Phenylketonuria is caused by a genetic mutation in the PAH gene. This is the gene that contains the instructions for production of phenylalanine hydroxylase, which is the enzyme that converts the amino acid phenylalanine in the body to other compounds. Without this enzyme, phenylalanine can rise to dangerous levels whenever the individual eats high protein foods, such as meat or eggs.
For a child to inherit a defective PAH gene, both parents must have the defective gene. It is possible for the gene to be recessive in the parents. This means that neither parent has the disease, but both are considered carriers. This is the most common way in which PKU is passed from parent to child. If only one parent has the genetic mutation, the child will not have PKU but may be a carrier.
Diagnosis & Tests
Hospitals in the United States started routinely screening newborns for PKU in the 1960s, and it is now required in all 50 states. The test involves using a small needle or lancet to obtain a blood sample from the baby’s heel. The test is typically performed one to two days following birth. It is important that the test is performed after the baby has ingested protein to ensure accurate results. Mothers who don’t deliver their baby in the hospital should arrange for a PKU test with their doctor as soon as possible after birth.
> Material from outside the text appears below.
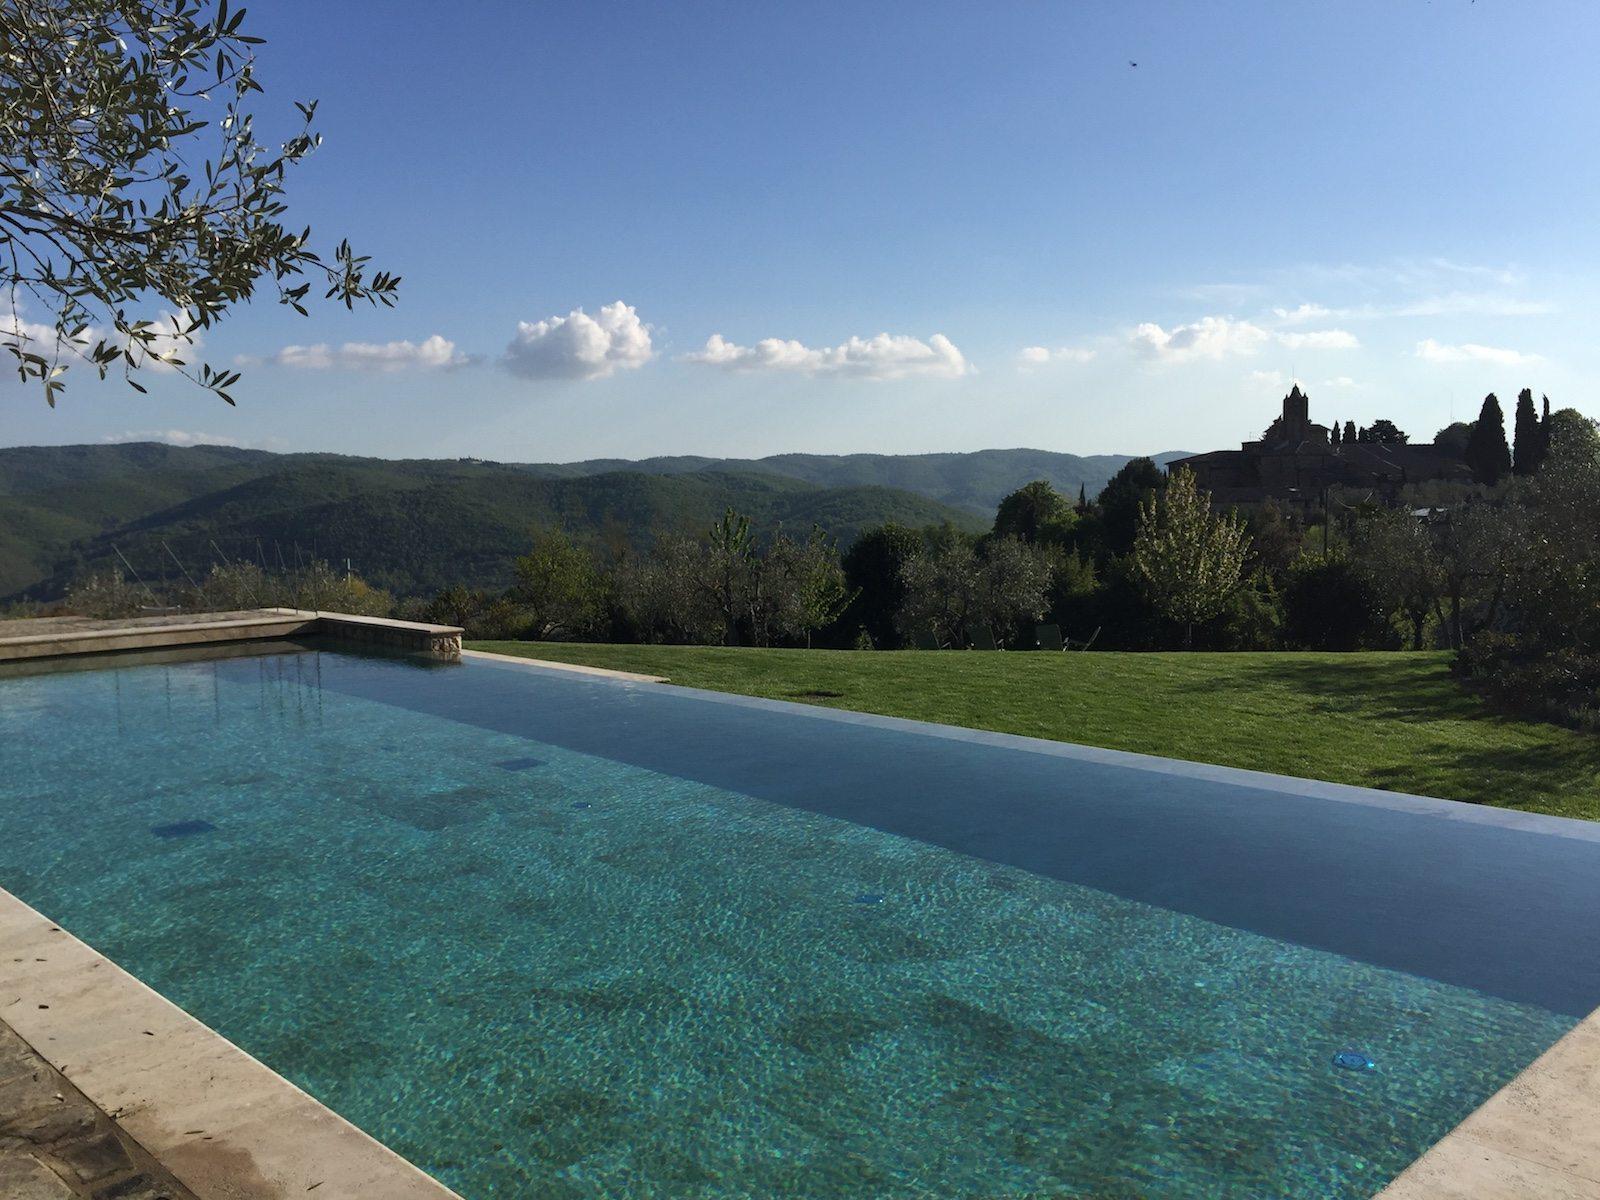 Villa le barone italy infinity pools - Infinity pool europe ...

If the preliminary test indicates PKU, the doctor may order additional blood tests and urine tests or genetic testing to confirm the diagnosis. If a parent has PKU or a family history of the condition, the doctor may order tests prior to pregnancy or birth. It is vital that women who have PKU follow their low-phenylalanine diet very carefully during pregnancy.
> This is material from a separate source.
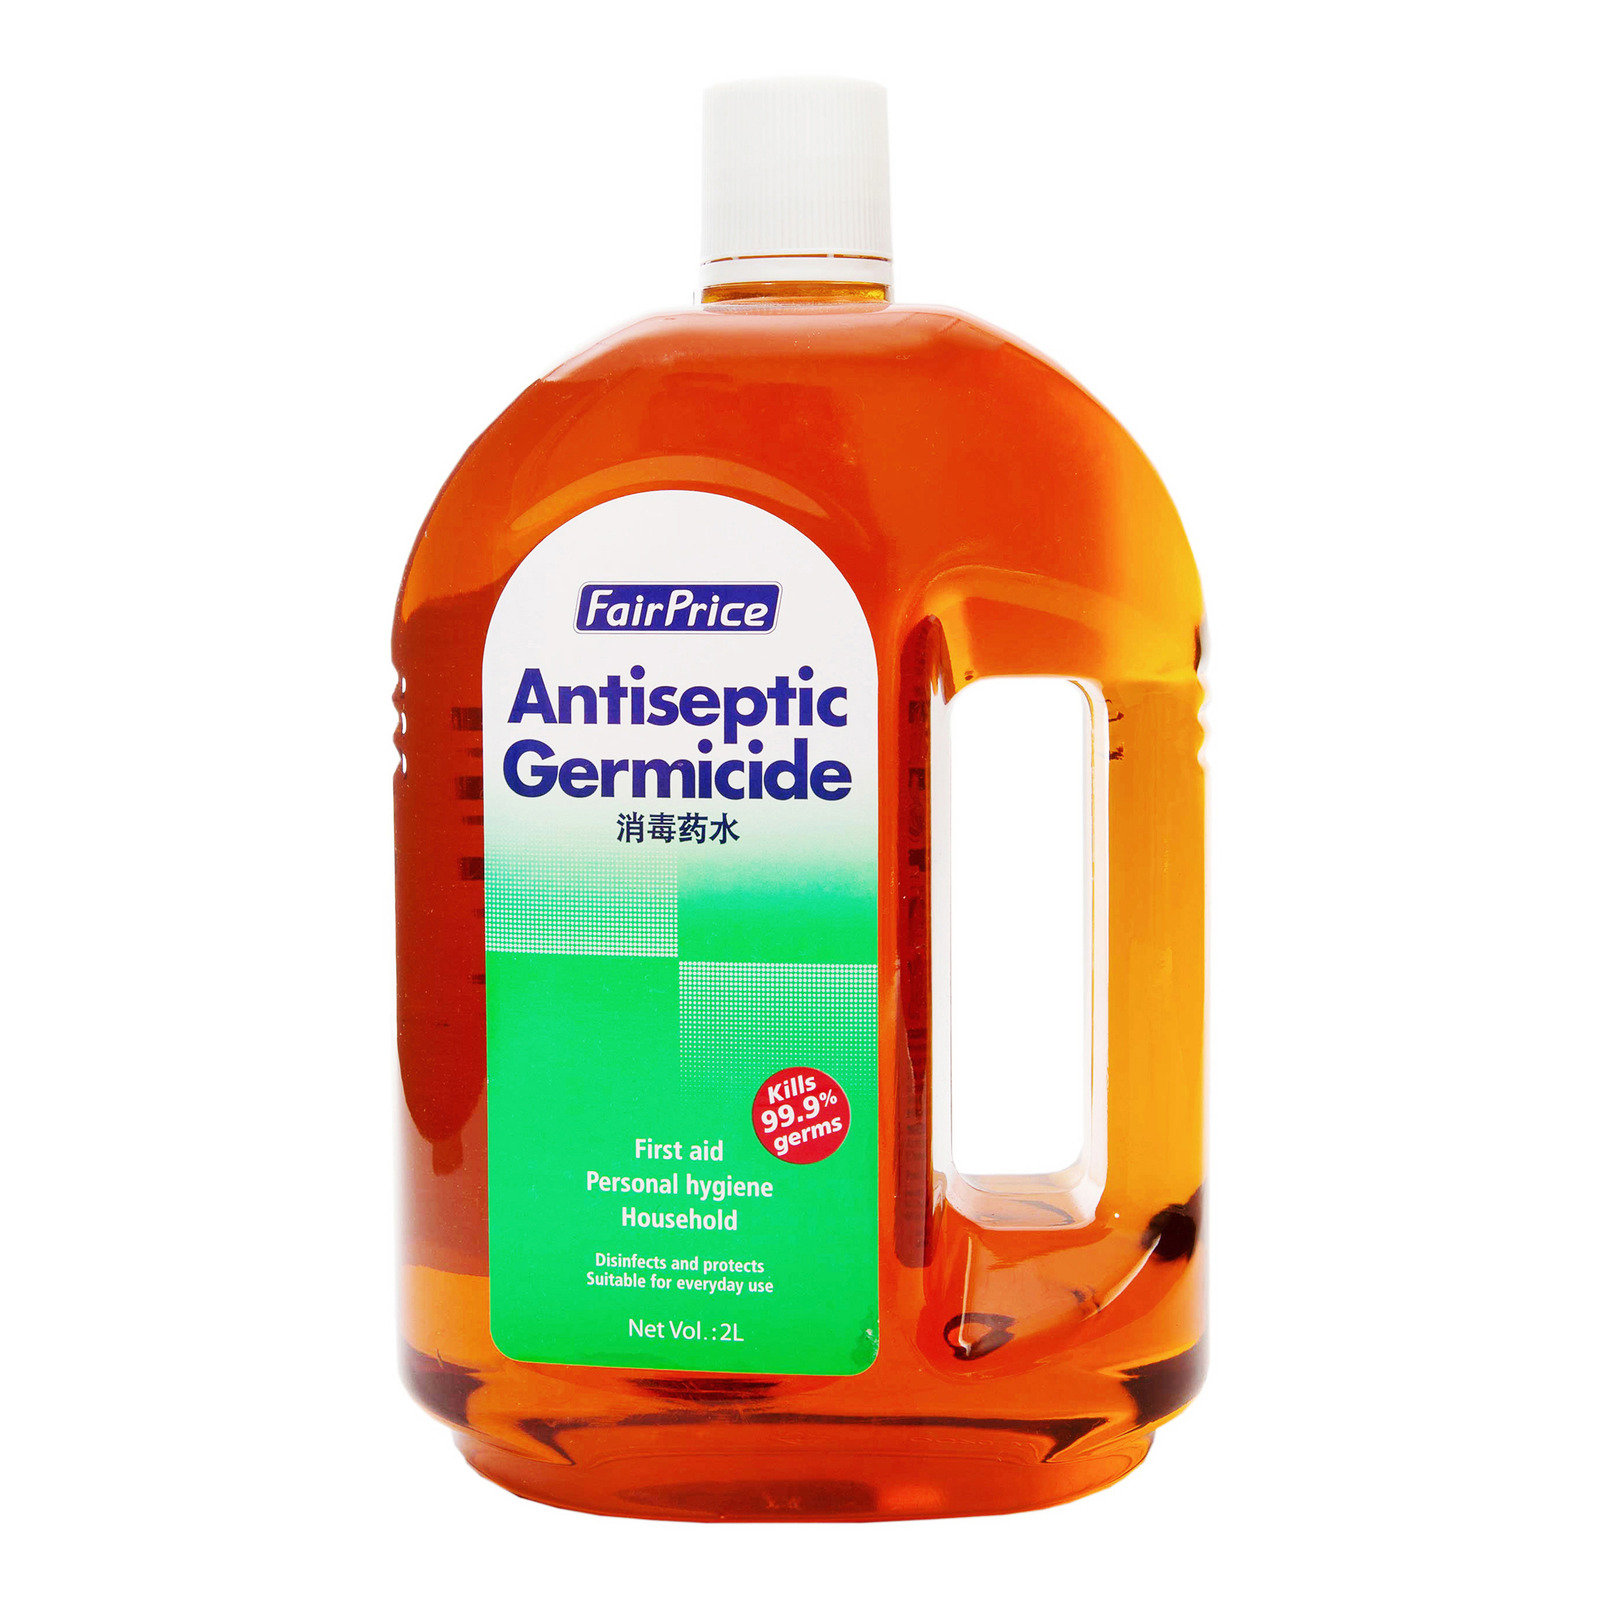 FairPrice Antiseptic Germicide

High levels of phenylalanine can pass from mother to baby leading to birth defects. If older children or adults start to develop symptoms of PKU, the doctor will likely order blood tests to check for the presence of the phenylalanine hydroxylase enzyme.
Treatment & Therapy
It is possible to relieve PKU symptoms and prevent complications with medications and a special diet. The PKU diet limits foods containing phenylalanine. Babies with PKU must avoid breast milk and are typically placed on a special formula called Lofenalac®. High protein foods excluded on the PKU diet include:
Individuals with PKU must consume a special PKU formula to ensure they are getting an adequate amount of protein. The formula contains all of the essential amino acids except phenylalanine. Some health food stores are now offering PKU-friendly foods. The PKU meal plan varies with the needs of the person and can change throughout life.
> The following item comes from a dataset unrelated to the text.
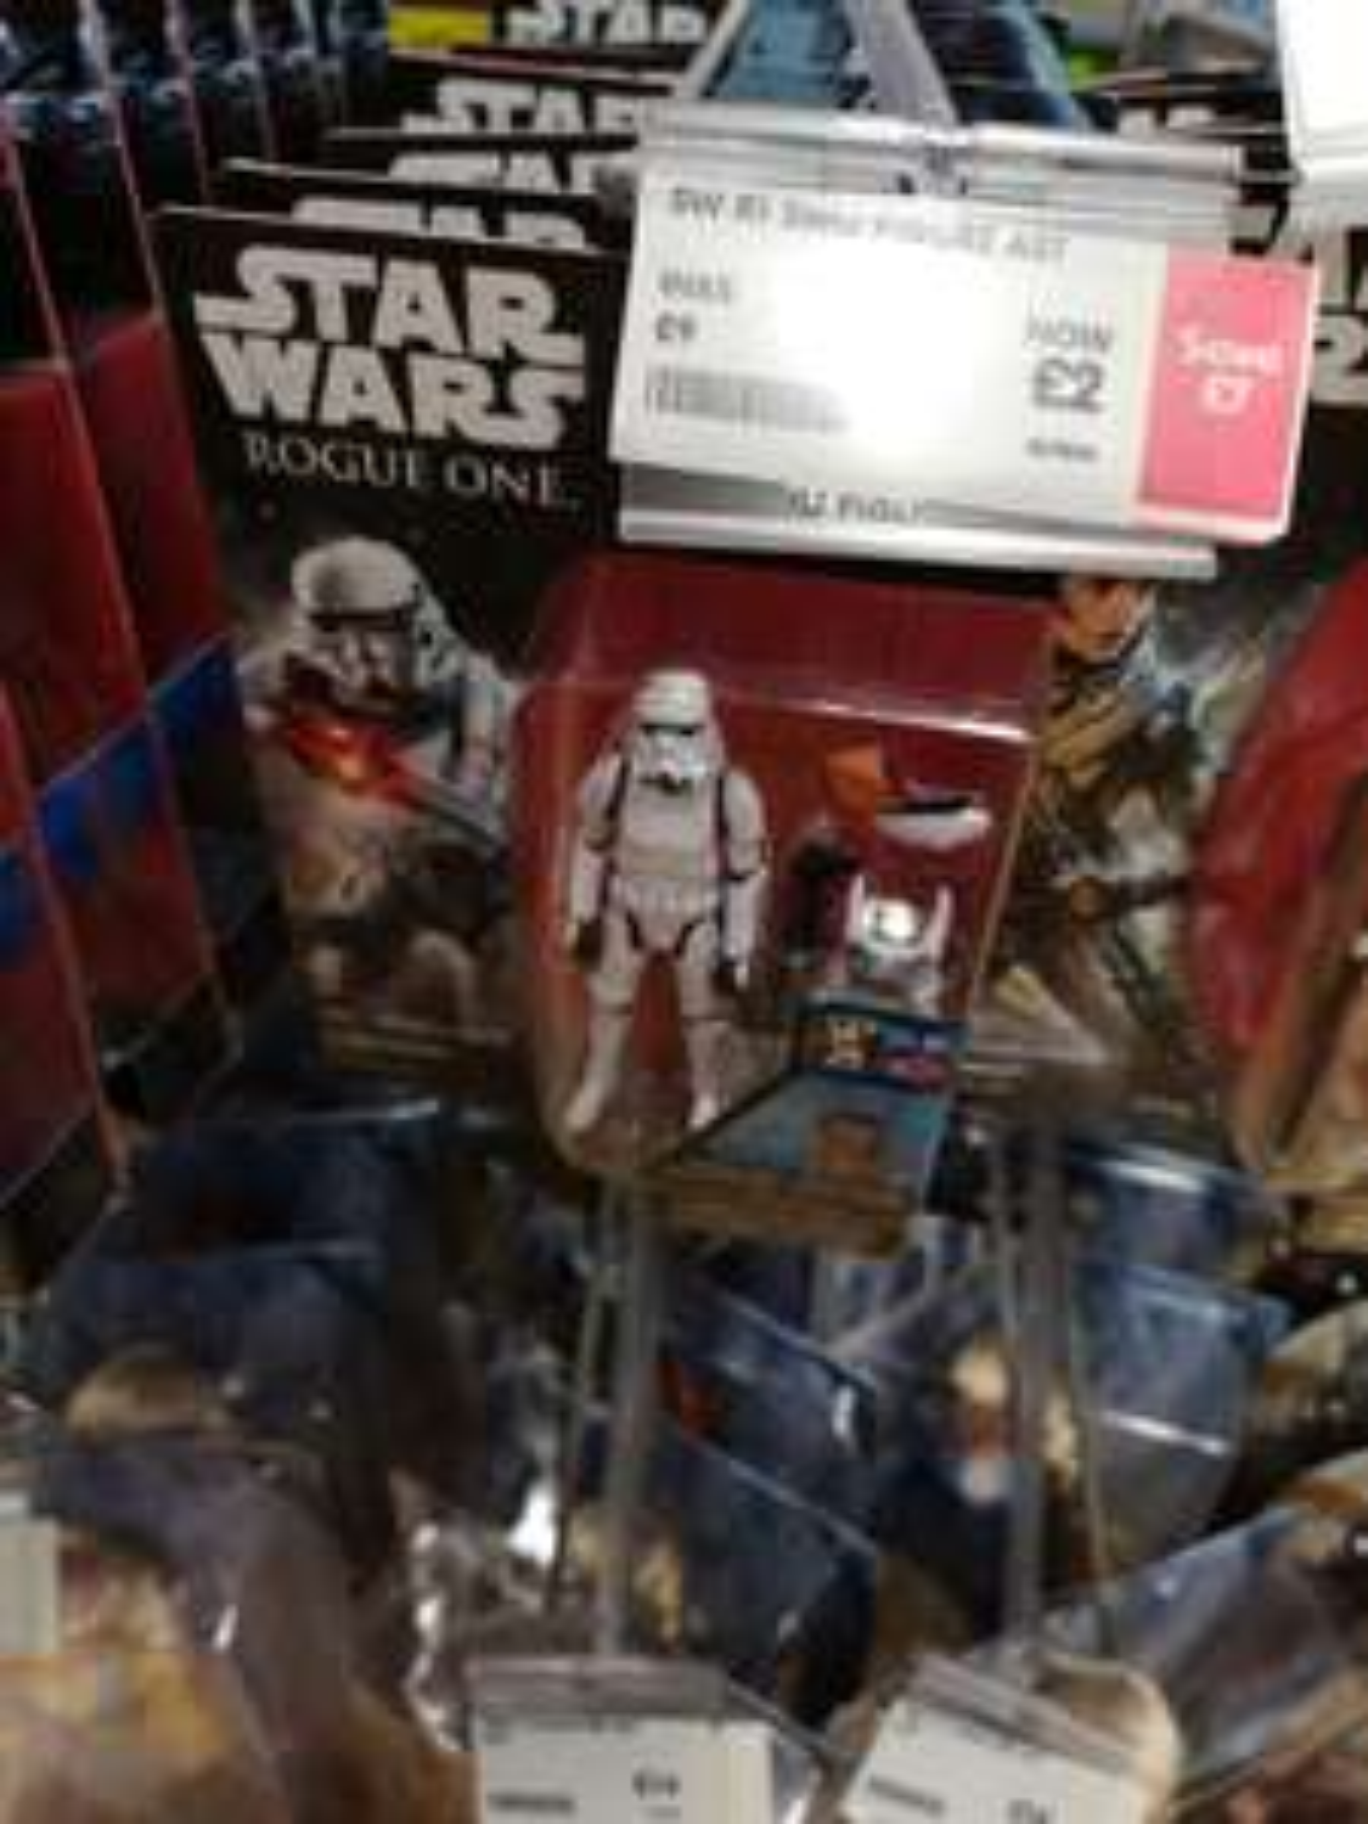 Star Wars Rogue one 3.75 inch figures £2 at Matalan Edinburgh

Individuals with PKU should work closely with a dietician or doctor to ensure they maintain healthy phenylalanine levels while still getting a balance of other nutrients. They will also have to keep a detailed record of all foods consumed during the day to keep phenylalanine levels in check.
The drug sapropterin was recently approved by the Food and Drug Administration to treat PKU. The drug is used in combination with the PKU meal plan and is most effective in those affected by a mild case of PKU.
Prevention & Prophylaxis
Women with PKU can limit the likelihood of birth defects in their baby by following their diet carefully and working closely with their OB/GYN. All parents should have their children tested for PKU as soon as possible after birth. Children born with PKU can lead healthy, happy lives as long as they are started on the PKU diet as soon as possible after birth.